**Listed entries**:
== == ==

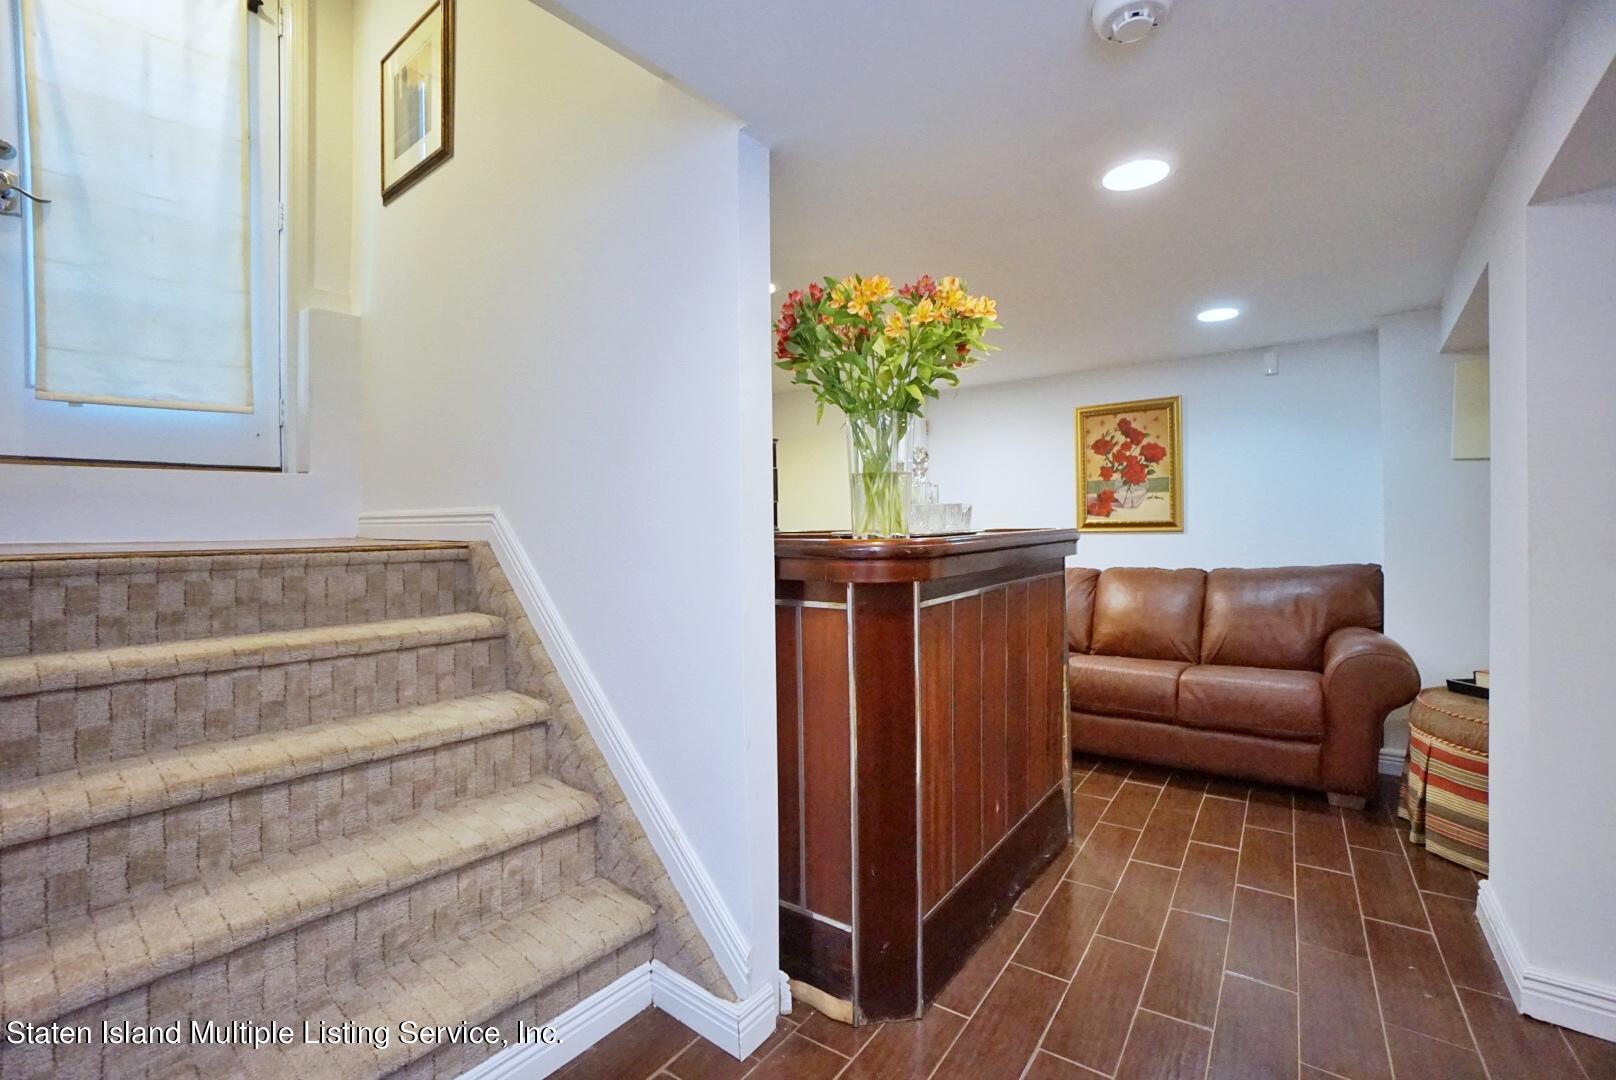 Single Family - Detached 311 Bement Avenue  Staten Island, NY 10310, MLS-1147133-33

== == ==

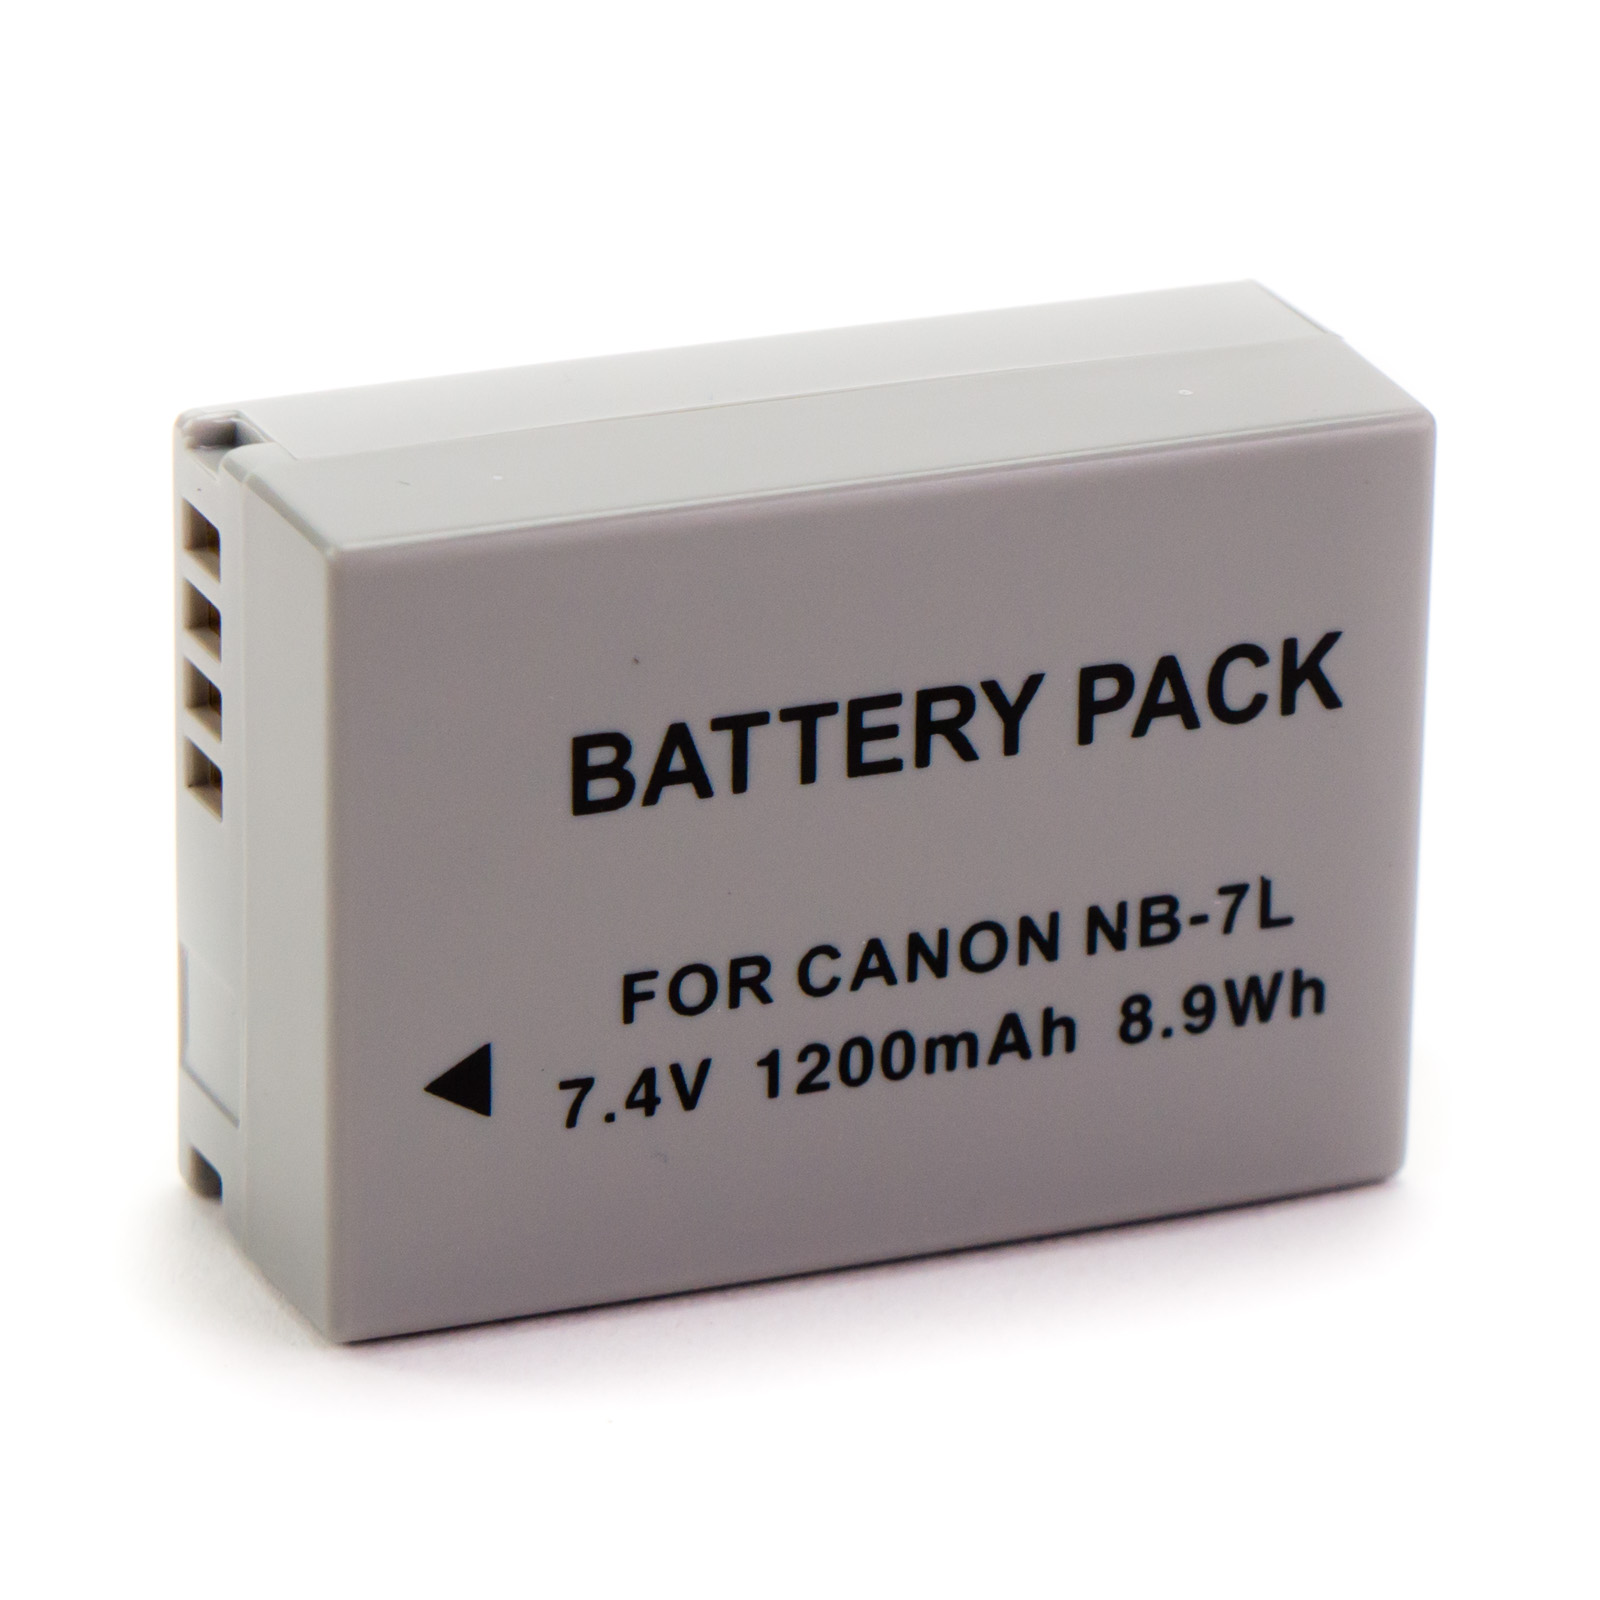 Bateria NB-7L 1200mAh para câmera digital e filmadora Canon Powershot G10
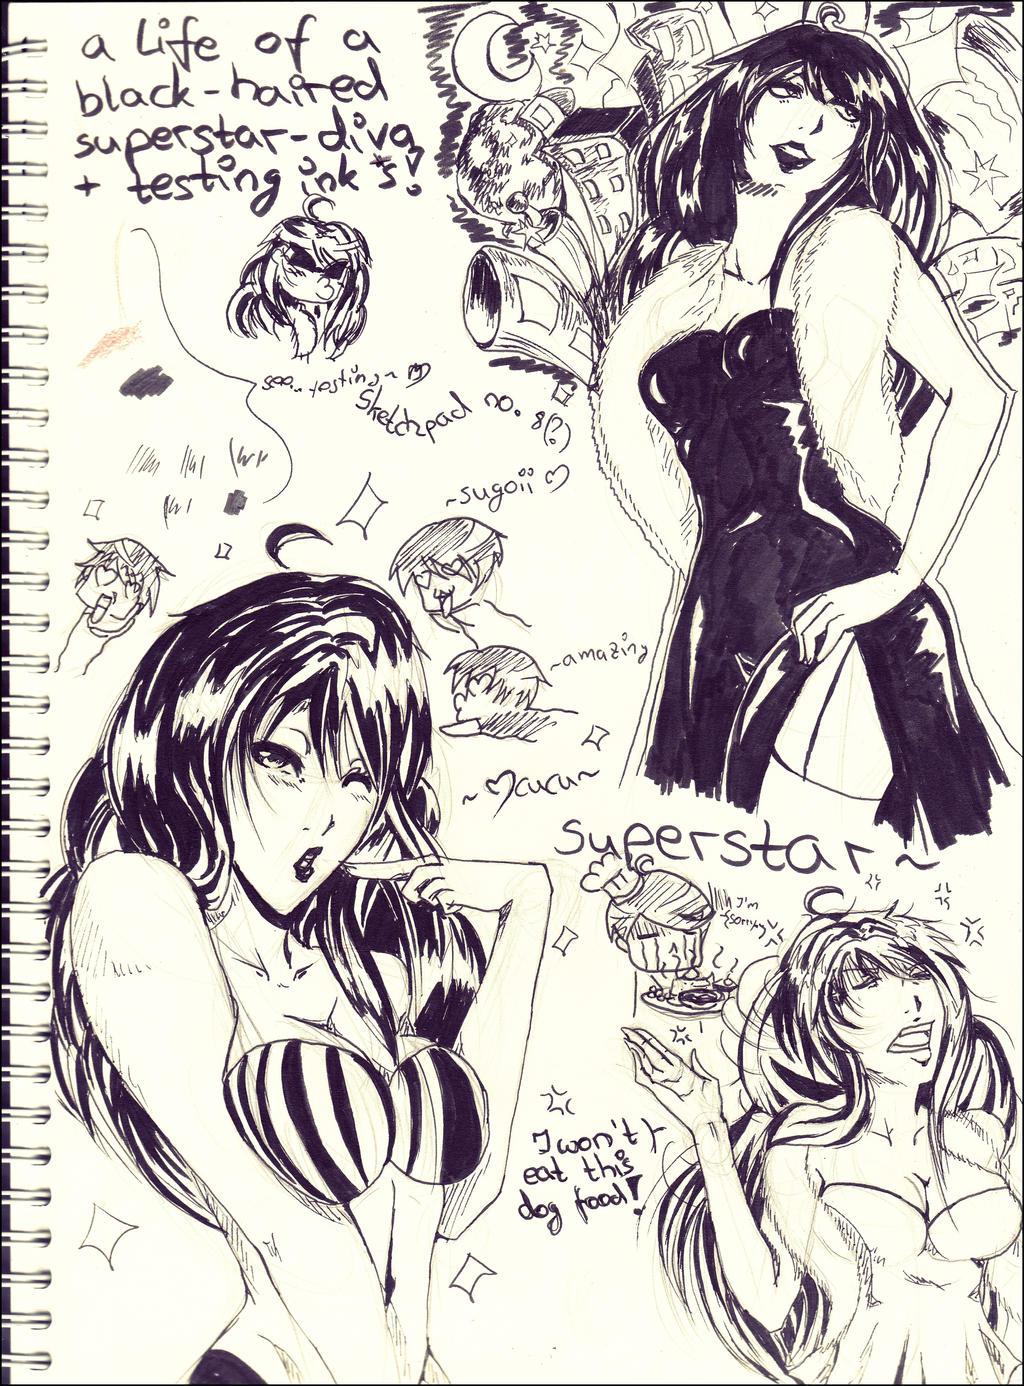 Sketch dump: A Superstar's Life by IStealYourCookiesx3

== == ==

**The task**: Within the listing above, the stretch from the line with "Bateria NB-7L 1200mAh" down to the line with "Sketch dump: A" is to be given again exactly, end lines included and pictures excluded.

**Response area**:
 Bateria NB-7L 1200mAh para câmera digital e filmadora Canon Powershot G10
 Sketch dump: A Superstar's Life by IStealYourCookiesx3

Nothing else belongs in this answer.